Até mesmo o gênero de mundo aberto, o nosso mais amplamente aceito paradigma atual, já existia de forma embrionária - Ocarina of Time, por exemplo, já nos exibia um vasto mundo aberto tridimensional onde podíamos passar horas apenas vasculhando o seu mundo à esmo, sem sequer tocar na sua Main Quest. Tudo isto já era "palpável" (mas sem ainda ser "concreto"). Tudo isto "já existia" nos anos 90 (ou, melhor dizendo, começava a existir excitantemente).
Mas uma coisa também é importante: foi praticamente tudo de uma vez. Ao passo que hoje a extensão destas promessas já nos foi mais ou menos revelada, naquela época, eram a pura imaginação de um futuro ainda fascinante, e cheio de perguntas ainda sem respostas. Talvez boa parte aqui não se recorde (ou sequer tenha vivenciado), mas, de fato, "tudo já se encontrava lá". As revoluções foram todas apresentadas ali, nos sobrando apenas as evoluções de hoje.

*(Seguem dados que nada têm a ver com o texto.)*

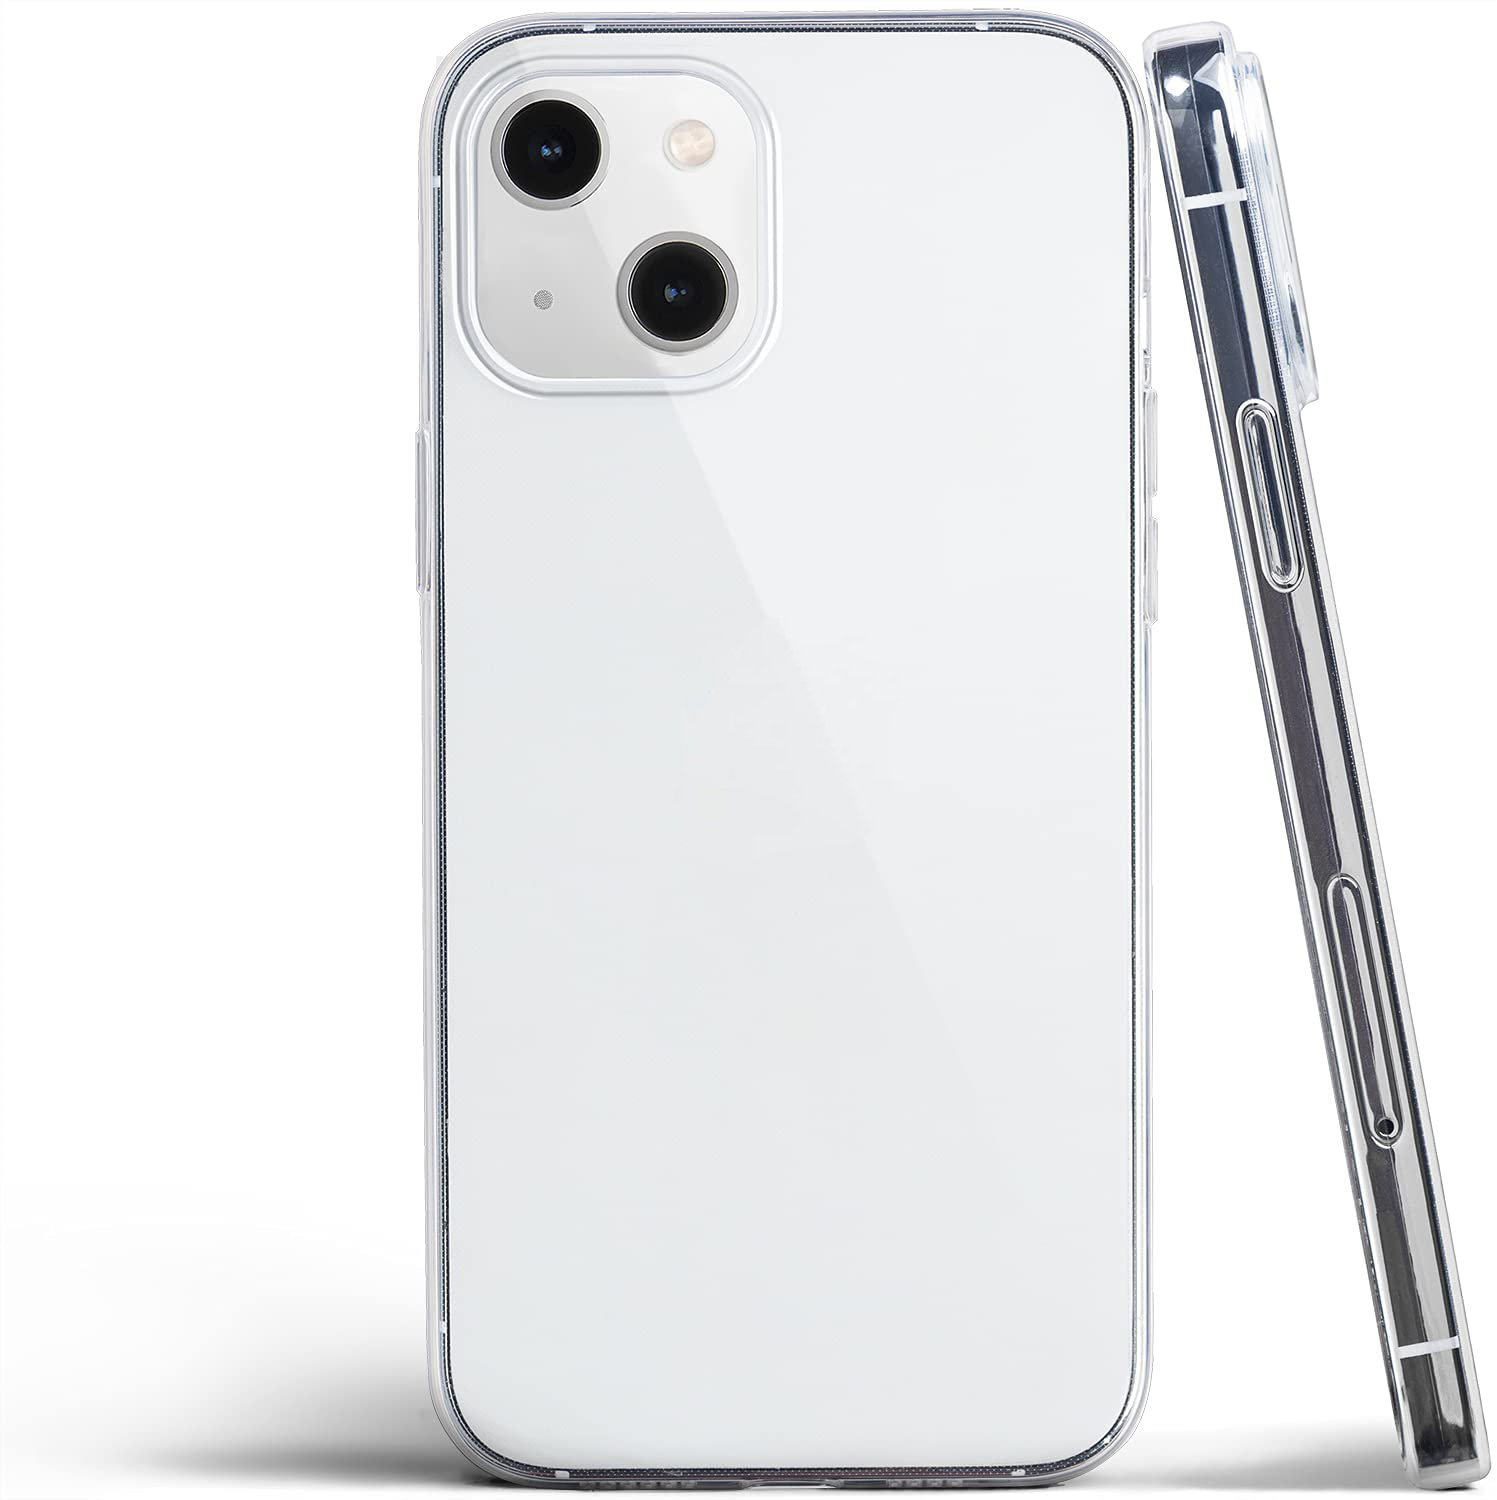 Ốp lưng silicon dẻo trong suốt cho iPhone 13 6.1 inch hiệu Ultra Thin siêu mỏng 0.6mm - Hàng nhập khẩu

Aquele continuado fluxo de novidades mágicas, excitantes e arrebatadoras só existiu mesmo ali. Hoje, temos basicamente o mantra do "mais internet e gráficos", precisamente uma evolução previsível e pouco excitante de revoluções anteriores, praticamente todas começadas nos anos 90. O próprio Wii Remote, ou então a Xbox Live, foram fenômenos cujo embrião já se apresentava décadas antes, em coisas como a Power Glove, e a Sega Net.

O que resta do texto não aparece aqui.